On another occasion, he had taken his family for a pool day at the Hilton, which is owned by Fenech’s Tumas Group. “We decided to spend a day by the pool and my children chose the Hilton. I took the whole family and I paid my way.” This had happened once, in 2020, he said.

Mizzi asked the witness whether he had ever discussed what Yorgen Fenech was going through with Patricia Fenech. “Something must have been said,” replied the witness, but denied the assertion that she had asked him to write about it, or that she had approached other newspapers to do the same.

“What she said was that when he was arrested, her son was put in a room with a bright light in his face and that she felt this was inhuman. She had tried to speak to some people in the media… I can tell you in private who she approached.”

“Did she tell you that she was prepared to pay media houses for good press?,” asked Mizzi. “No,” Mercieca replied.  He had already been writing about Fenech’s compilation of evidence at the time, he said. “She thanked me, yes, for speaking about the case but she never asked me to write anything.”

Patricia Fenech had invited him over for dinner once, too, he added, but when asked whether the murder case was discussed on that occasion, he said “little to no” mention had been made.

He would communicate with Patricia Fenech through a messaging app, he said, and not over the phone.

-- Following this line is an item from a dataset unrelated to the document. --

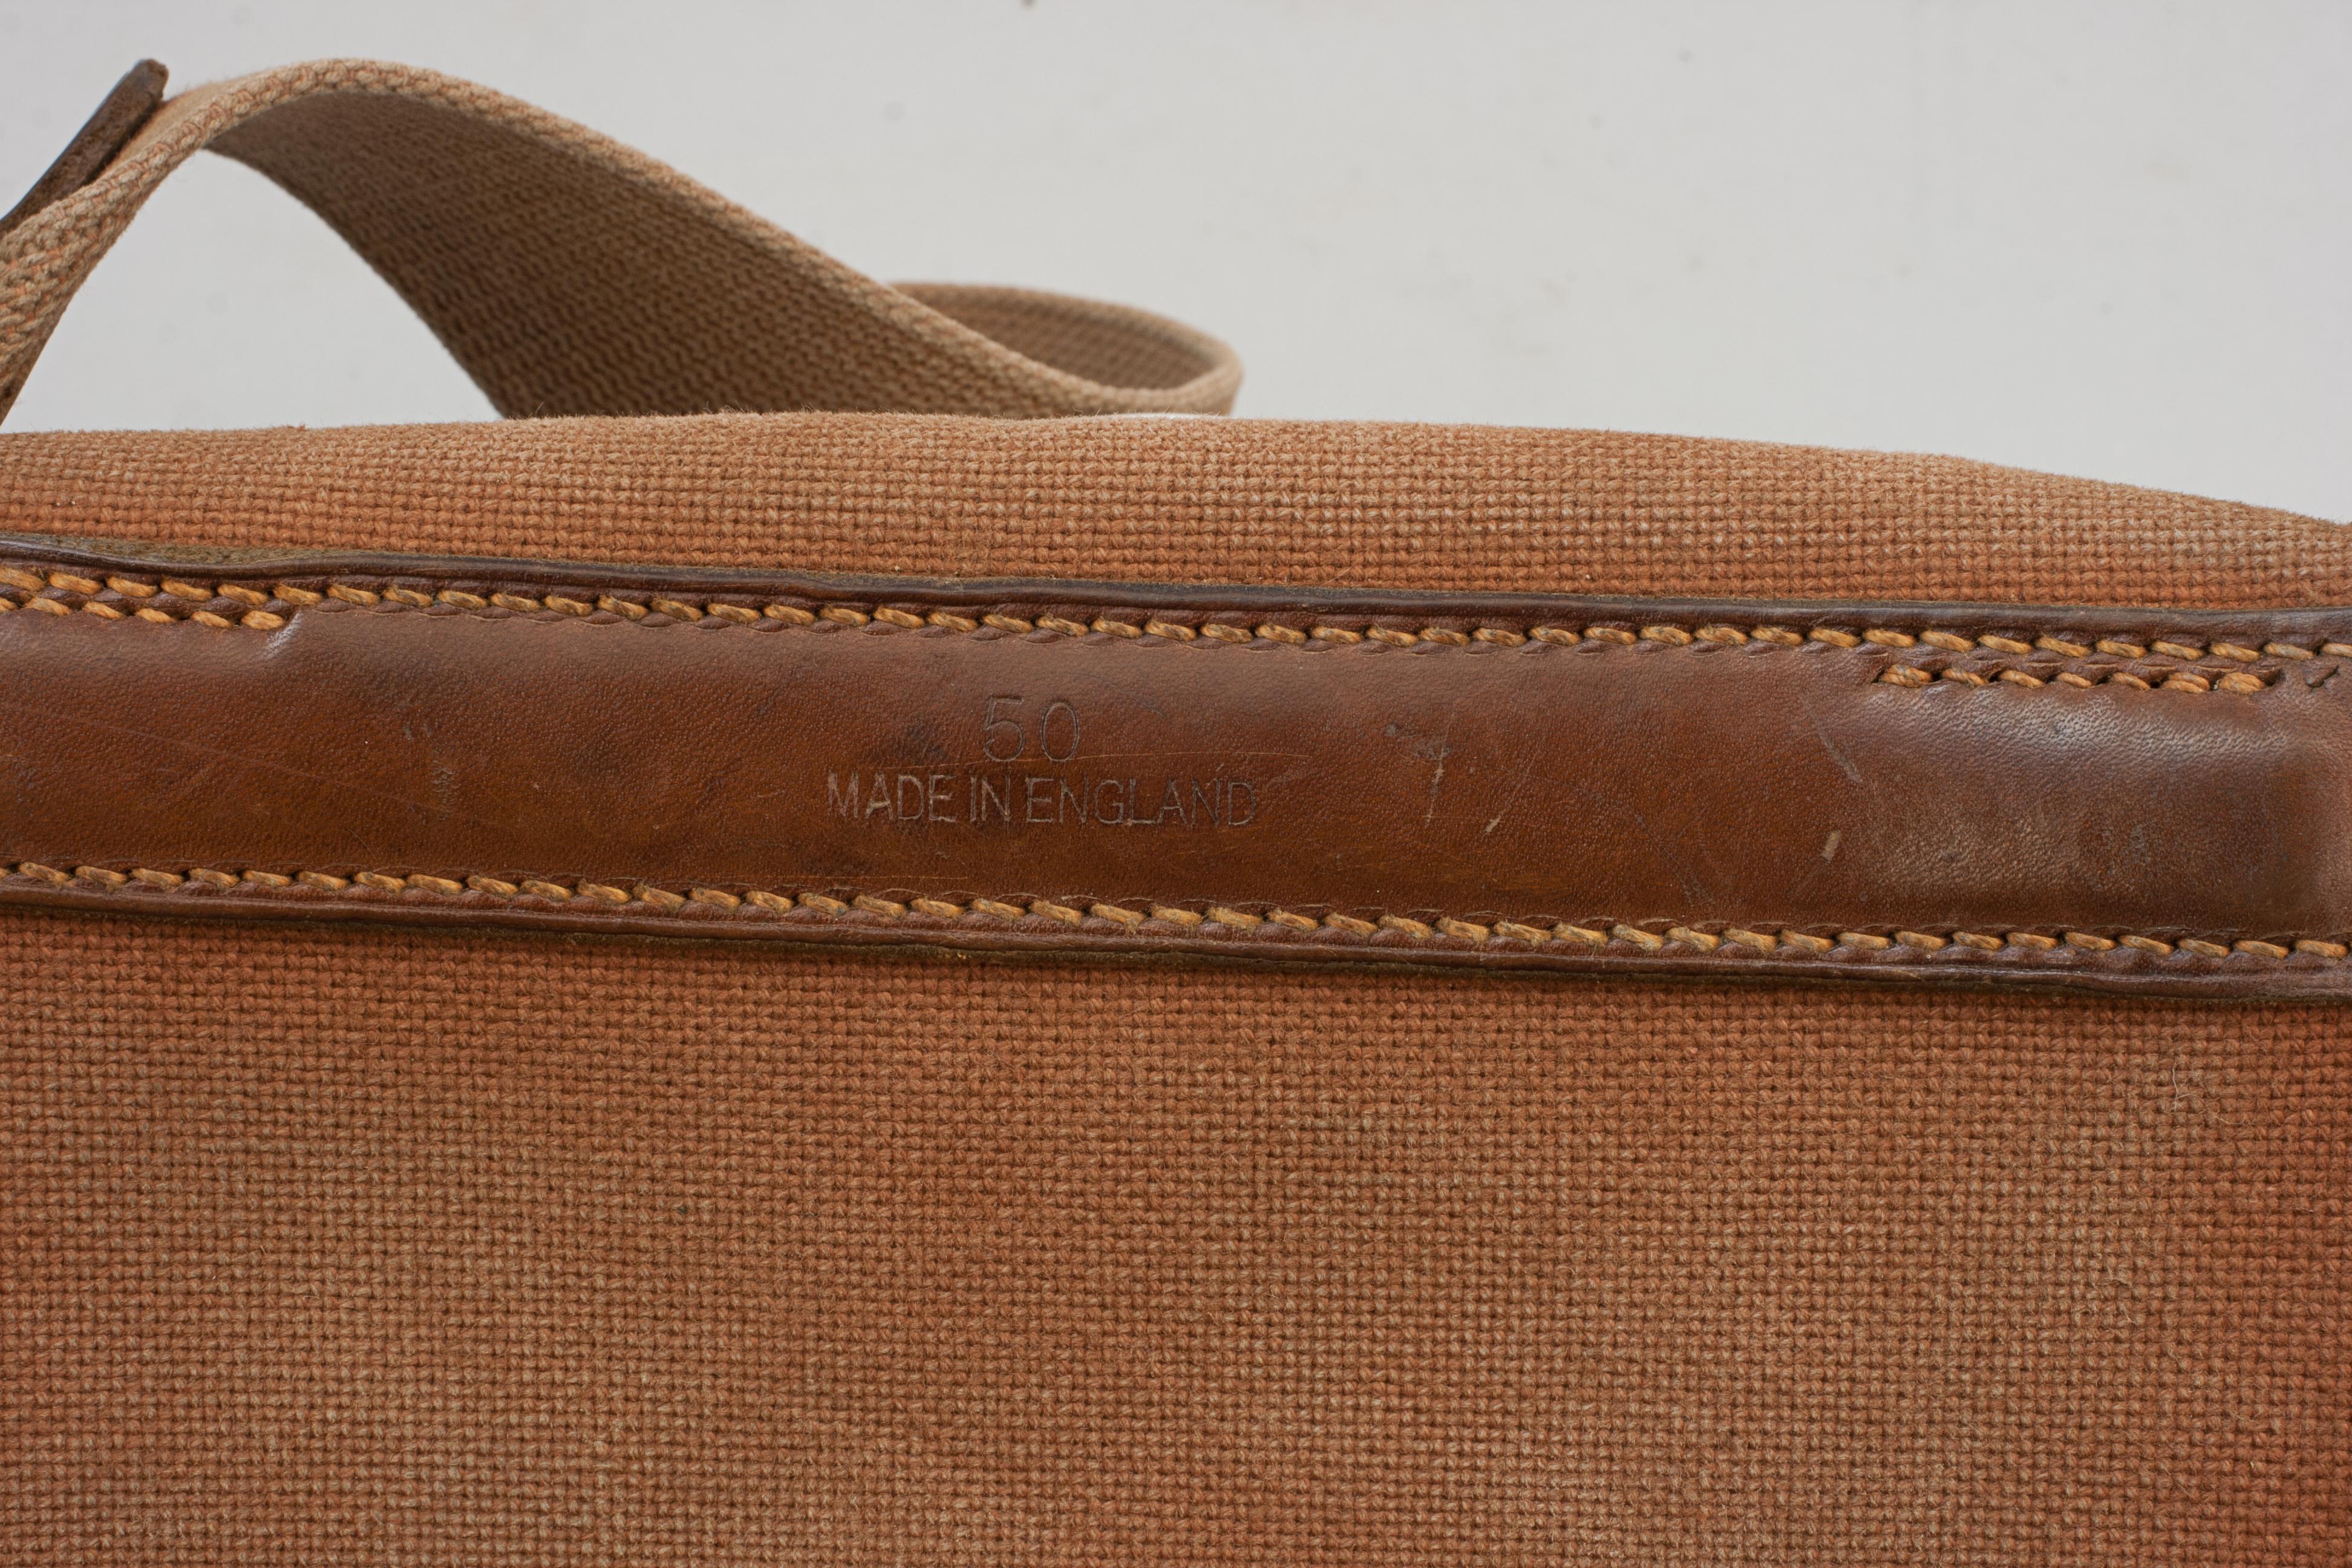 Vintage Canvas Brady Cartridge Bag In Good Condition For Sale In Oxfordshire, GB
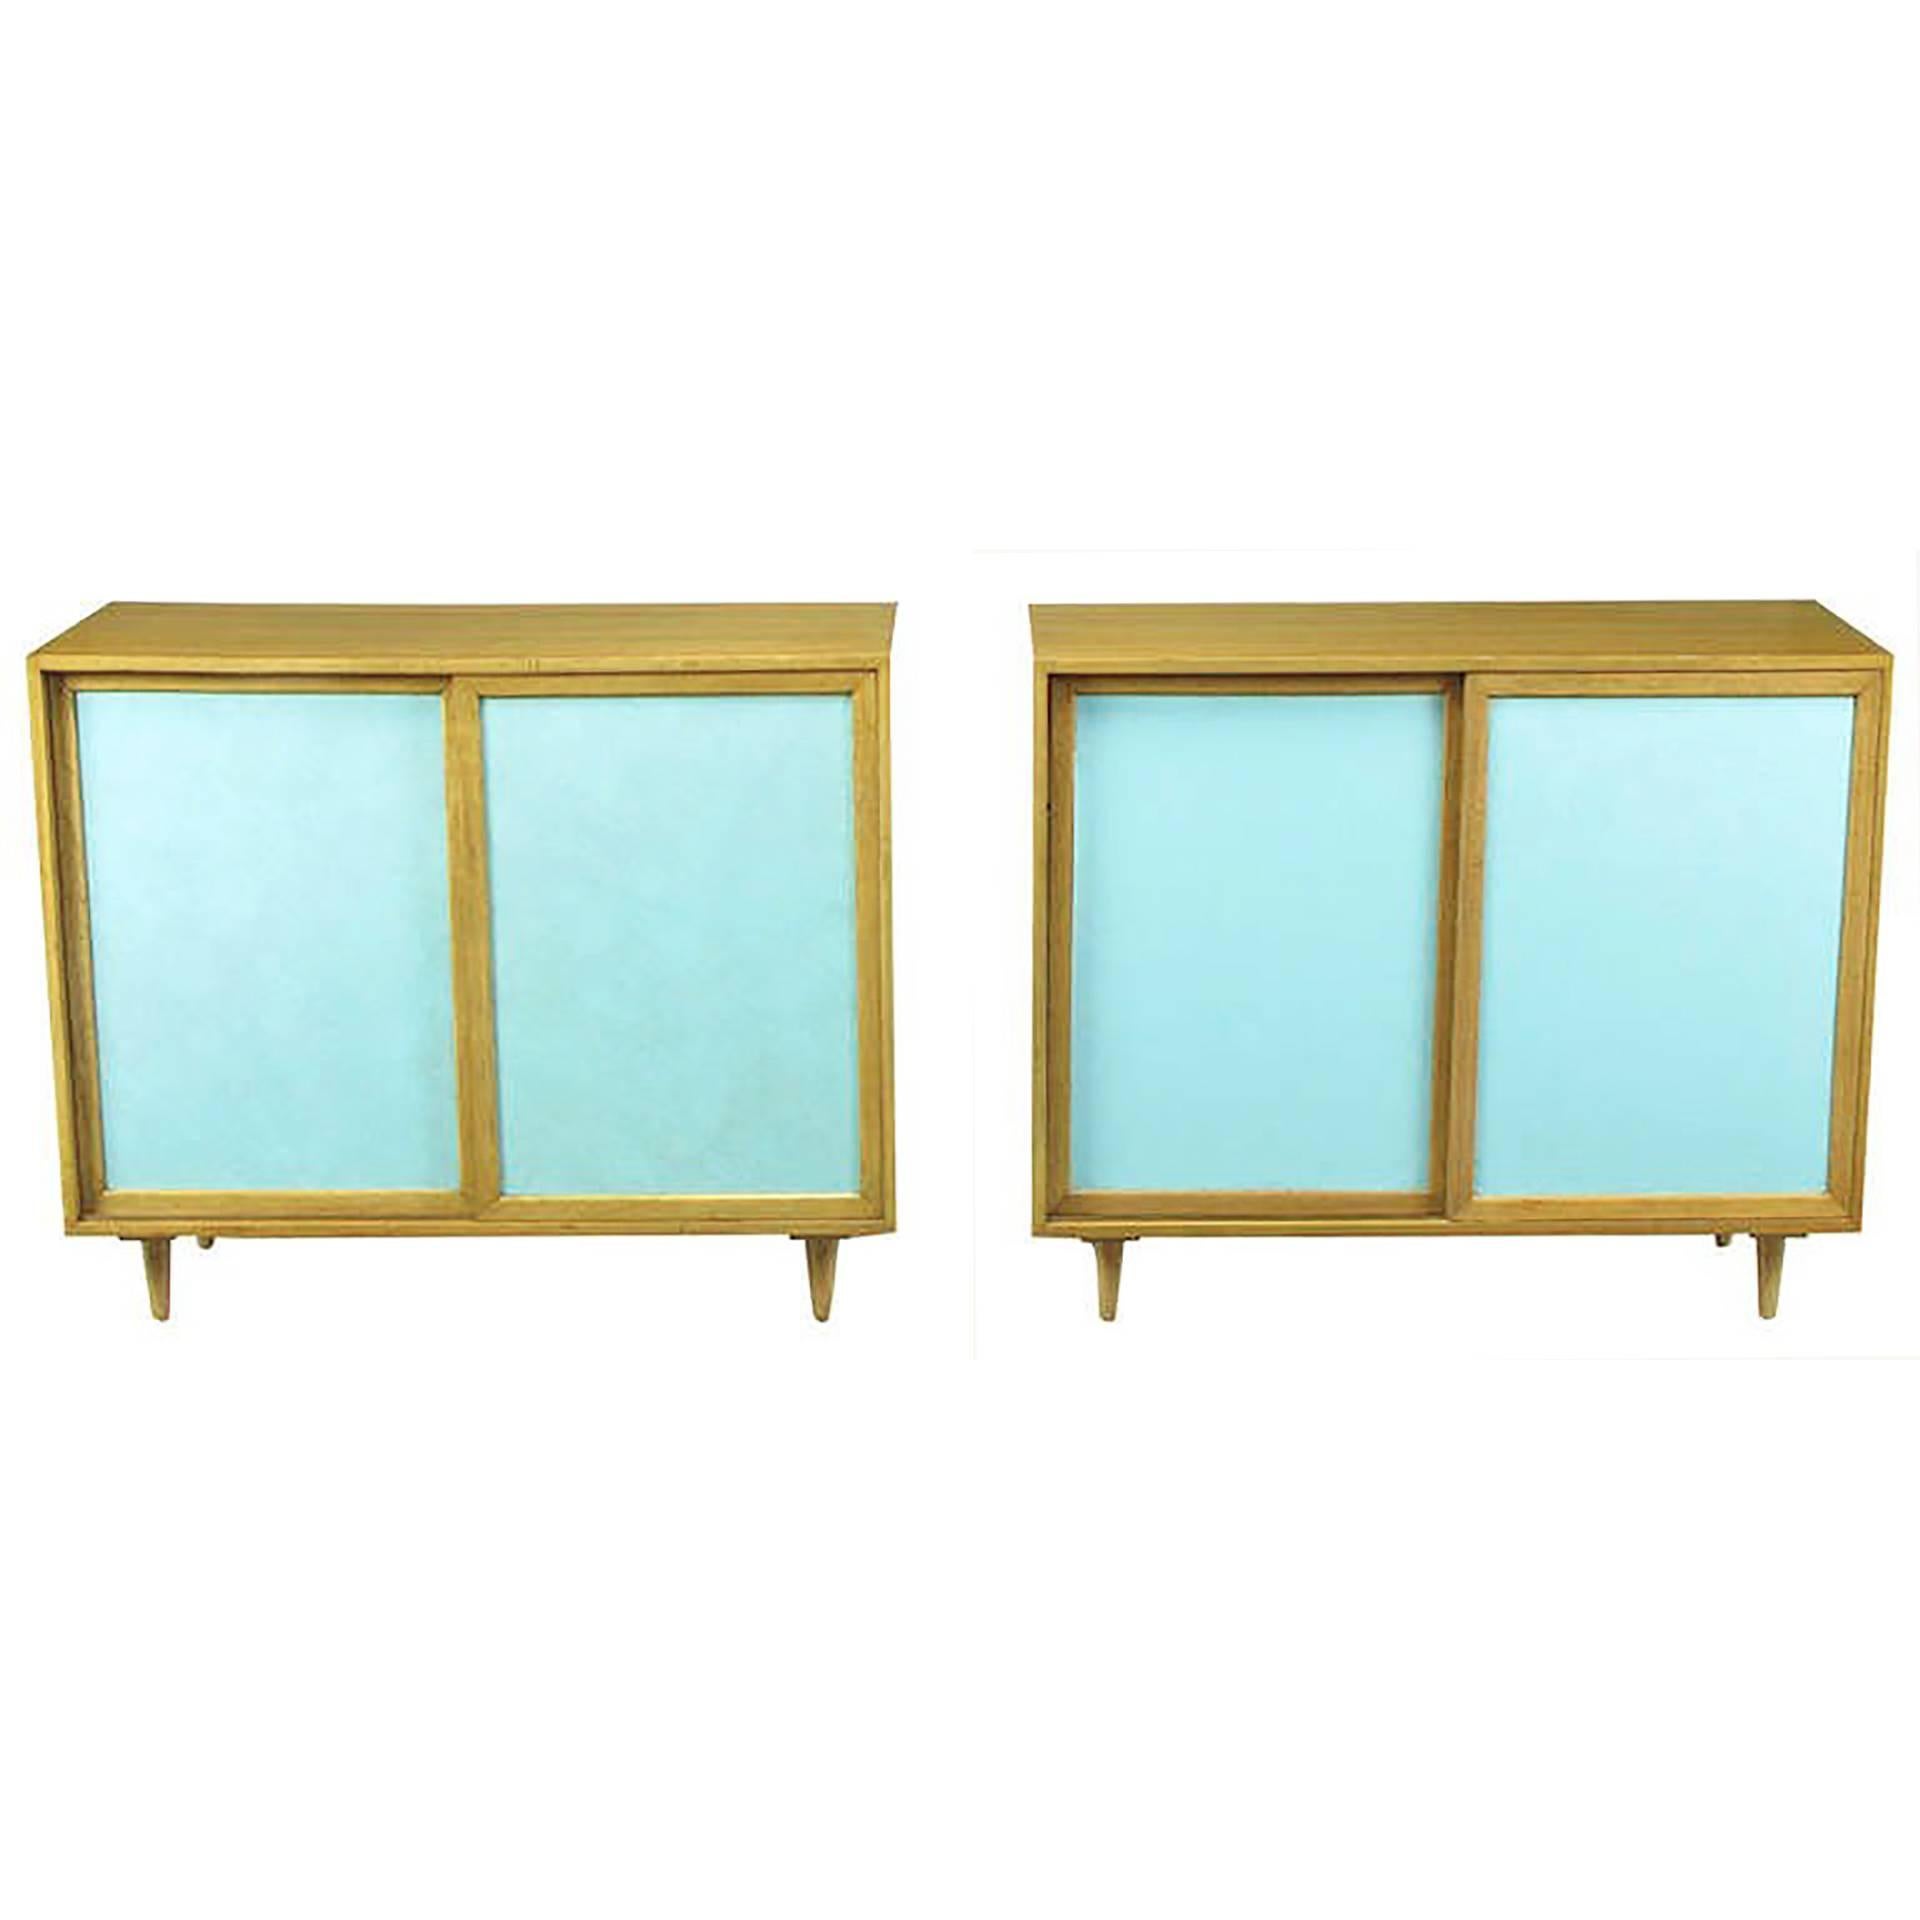 Pair of Harvey Probber Bleached Mahogany and Tiffany Blue Leather Front Cabinets

Mercieca told the court that as part of a recent property purchase he had been subjected to “enormous” due diligence checks, which he had passed. “I had to give an account of every expense and income. I use credit cards exclusively. If I was paid in cash, I would have to keep this cash somewhere.”

He also said that a recent attempt by his wife to deposit a €50 cheque in her HSBC account had been rejected for “irregular endorsement.”

Camilleri’s lawyer, pointing out that Mercieca was still employed at the University of Malta and enjoyed the support of the Dean of his department, suggested that this incident was not the result of the blogs written about him, but as a result of Mercieca’s own posts about Yorgen Fenech.

Mercieca disagreed. “They are surely not positive propaganda,” he said of Camilleri's blog posts and highlighted a reader’s comment under one of Camilleri’s stories about him, telling the court that it had been written by a fellow academic. “The mafia couldn’t have a better mouthpiece,” it reads.

“Financial damages, I obviously haven’t suffered,” Mercieca said. “But academically I have been ostracised,” later conceding, on the court’s direct question, that his ostracisation was “outside the university community.”

“I tie this to all the propaganda, not just Mark Camilleri,” he added.

The case was adjourned to October. Lawyer William Cuschieri is assisting Mercieca.